Nevertheless, this is really only the beginning. "What we're seeing is different systems racing to compete," says Peter Walter. In one of the systems - the sub-retinal implant - the chip is implanted under a layer of nerve cells in the retina. There, like the photoreceptors in the retina, it receives light impulses, converts these into electrical signals and transmits them to the nerve cells of the retina. The retina prosthesis developed by Professor Zrenner's team in Tübingen and that developed by a US team led by Joe Rizzo and Shawn Kelly at the Boston Implant Project in Cambridge, Massachusetts, work according to the same principle.

In the case of the so-called epiretinal implant the chip is fixed to the upper-most layer of nerve cells. There it receives data from a small camera installed in glasses worn by the patient and likewise converts these into impulses for the nerve cells. This is the principle employed by the retina prostheses developed by the two other German research teams. One of the systems - IRIS - was developed by the Bonn company IMI, the other (EPIRET3) by a research consortium that includes scientists from the RWTH Aachen and the Fraunhofer Institut für Mikroelektronische Schaltungen und Systeme (Institute for Microelectronic Circuits and Systems) and doctors at the University Eye Clinic Aachen led by Peter Walter. 
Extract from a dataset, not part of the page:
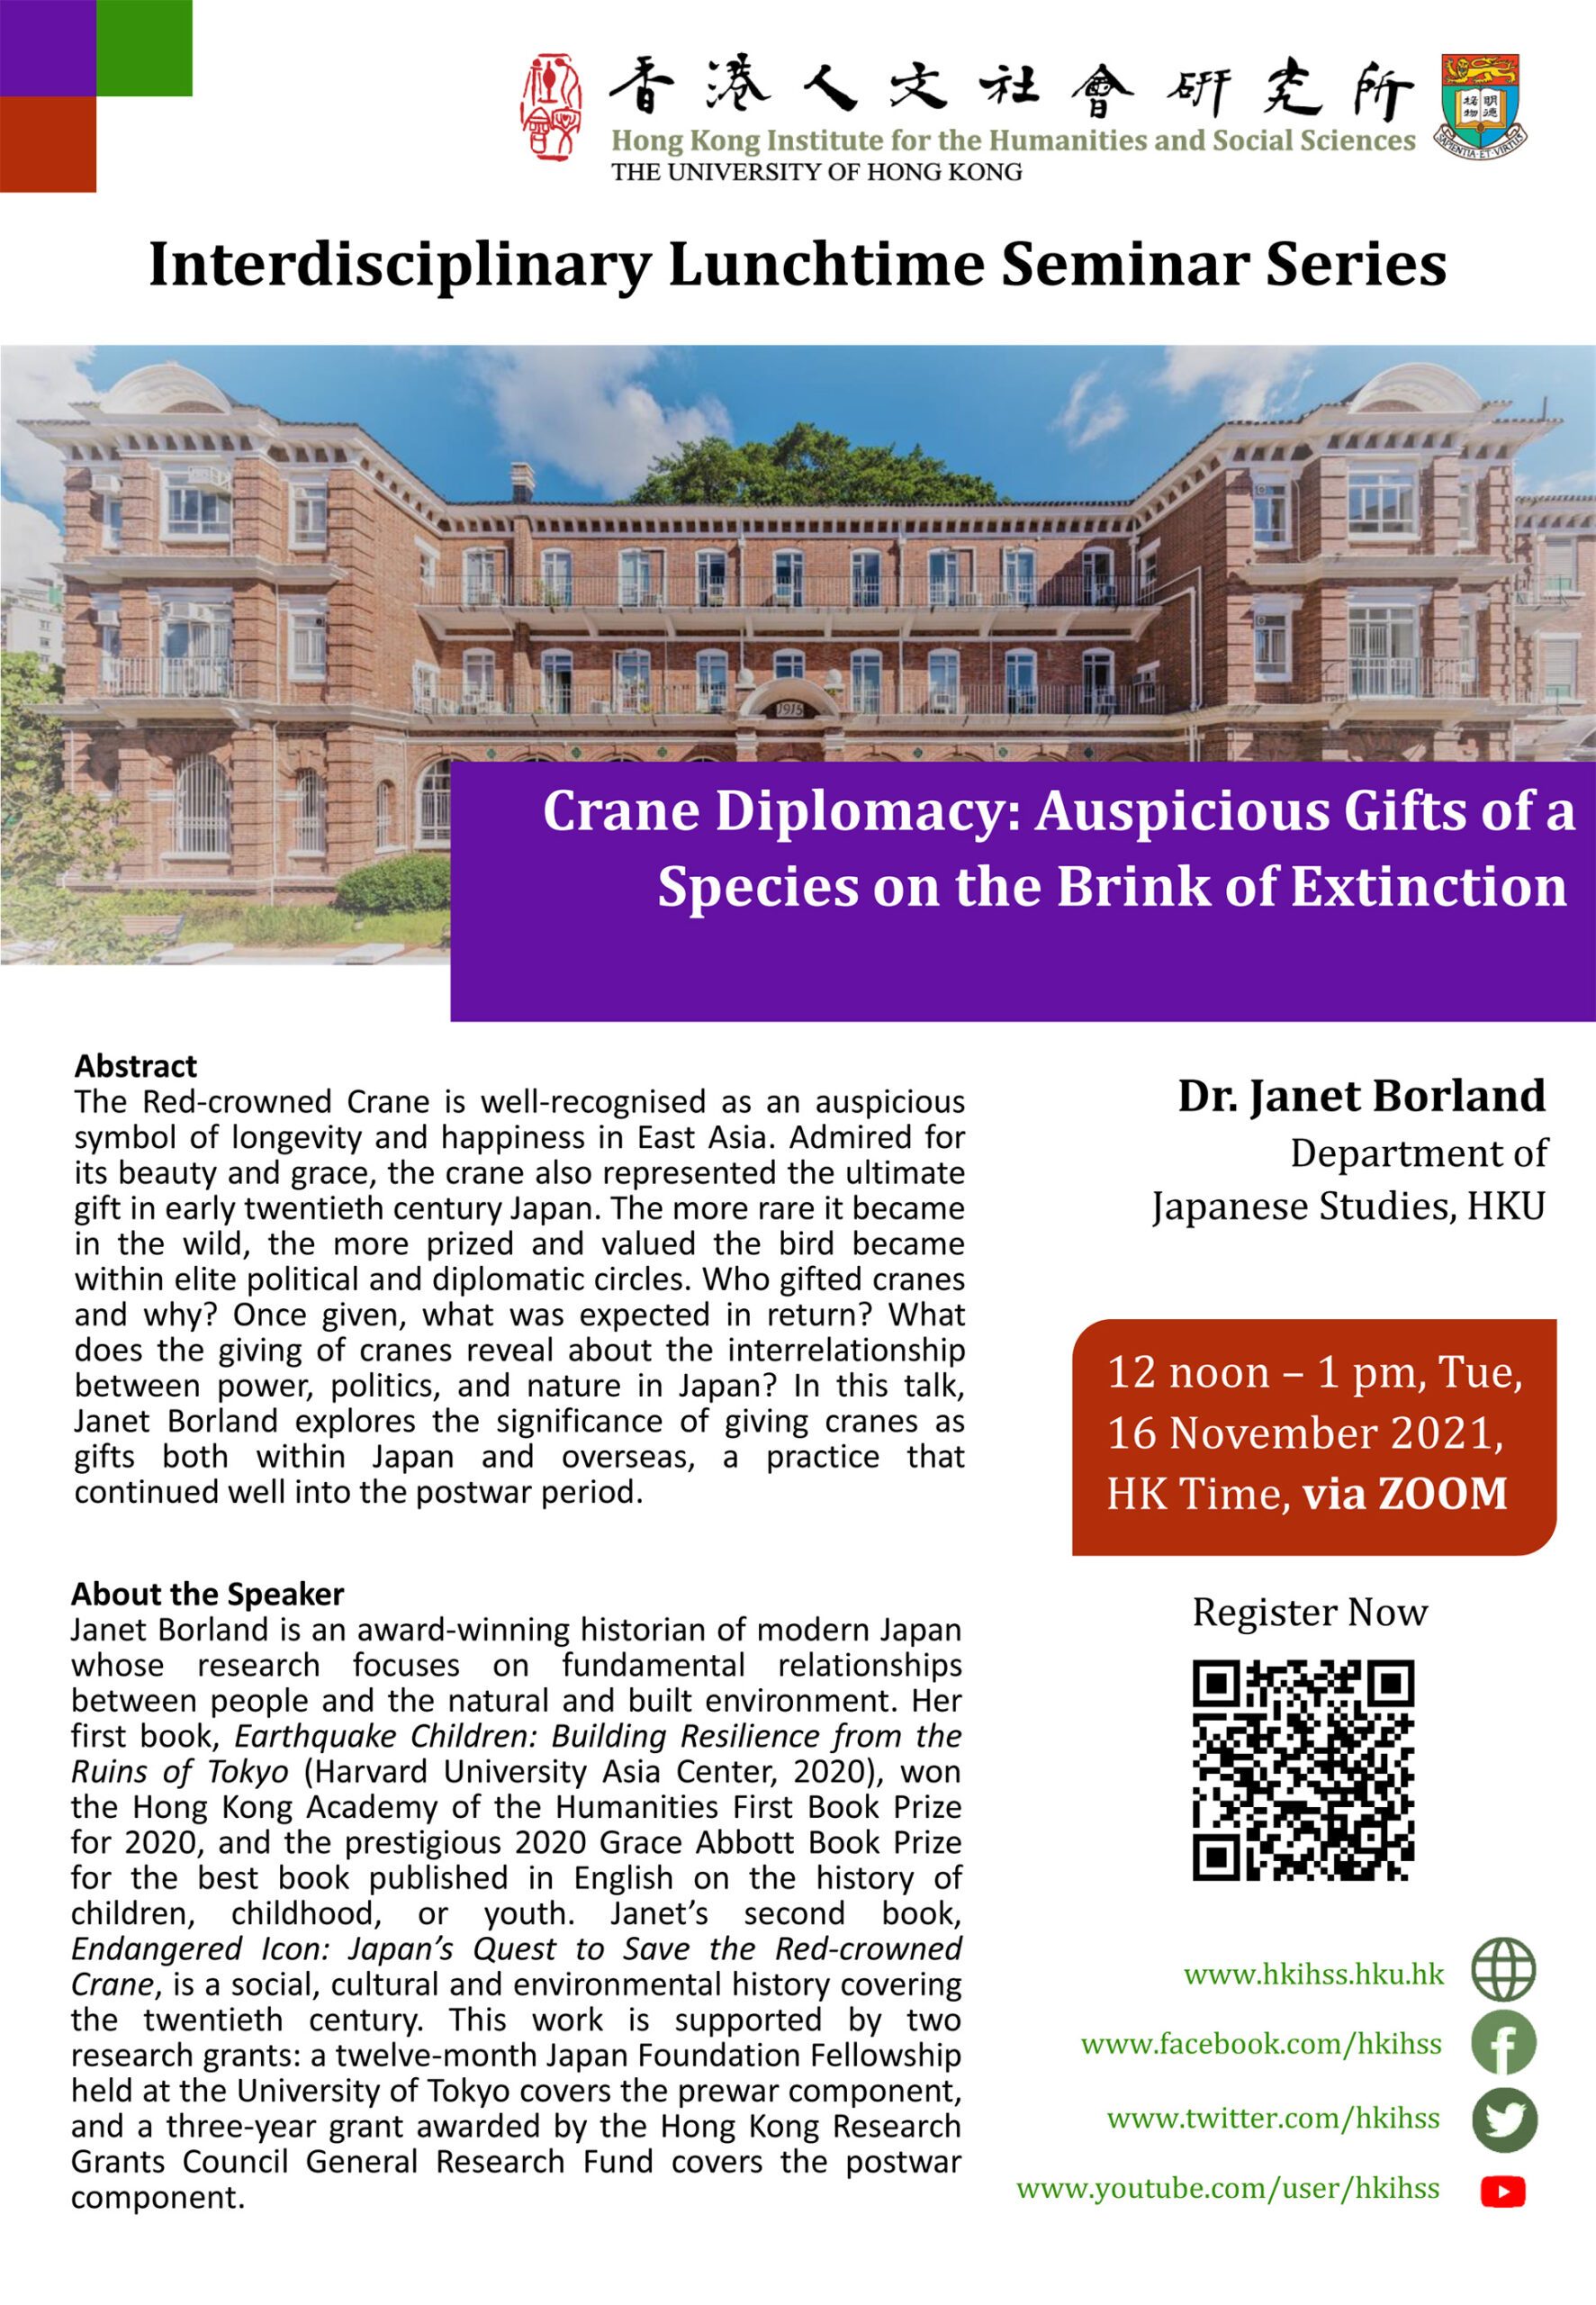 Interdisciplinary Lunchtime Seminar on “Crane Diplomacy: Auspicious Gifts of a Species on the Brink of Extinction” by Dr. Janet Borland (November 16, 2021)

Alongside these various systems, which also differ from one another in a number of other details, the next generation of retina prostheses is already in the pipeline in laboratories around the world. Engineers, computer science specialists, biologists and doctors are pooling their knowledge to evolve new strategies for linking electronic devices and nervous systems.

Teams of researchers in Switzerland and Japan, for example, are developing systems in which the chip is no longer implanted in the eye but outside it on the dermis that protects the eyeball in the socket. Only the electrodes that stimulate the nerve cells in the retina are inserted inside the eye through a small incision. Chinese researchers are developing retina prostheses that, instead of stimulating the nerve cells of the retina, stimulate the optic nerve directly. And an American team is trying to activate the visual cortex in the brain directly. At this point it is not clear when, if ever, any of these systems will be ready for patient trials - currently they are still at the experimentation stage.

Much interest has also been shown in projects to use other communication signals between nerve cells. Australian and American scientists are working on retina prostheses that produce biochemical impulses instead of electrical ones. The idea is for the retina prostheses to release neurotransmitters according to spatially and temporally controlled patterns and thus stimulate the nerve cells.

The question remains whether retina prostheses will eventually be able to register shapes, as Rolf Eckmiller hopes they will. "To do this will require a retina prosthesis capable of learning and that is able to produce a kind of melody of impulses that can be recognized by the brain and classified as a particular shape, like a cup." Eckmiller is convinced that the complex central vision system - which occupies a third of the cerebral cortex - can only register a shape if the right "melody" is transmitted via a sufficiently large number of cells.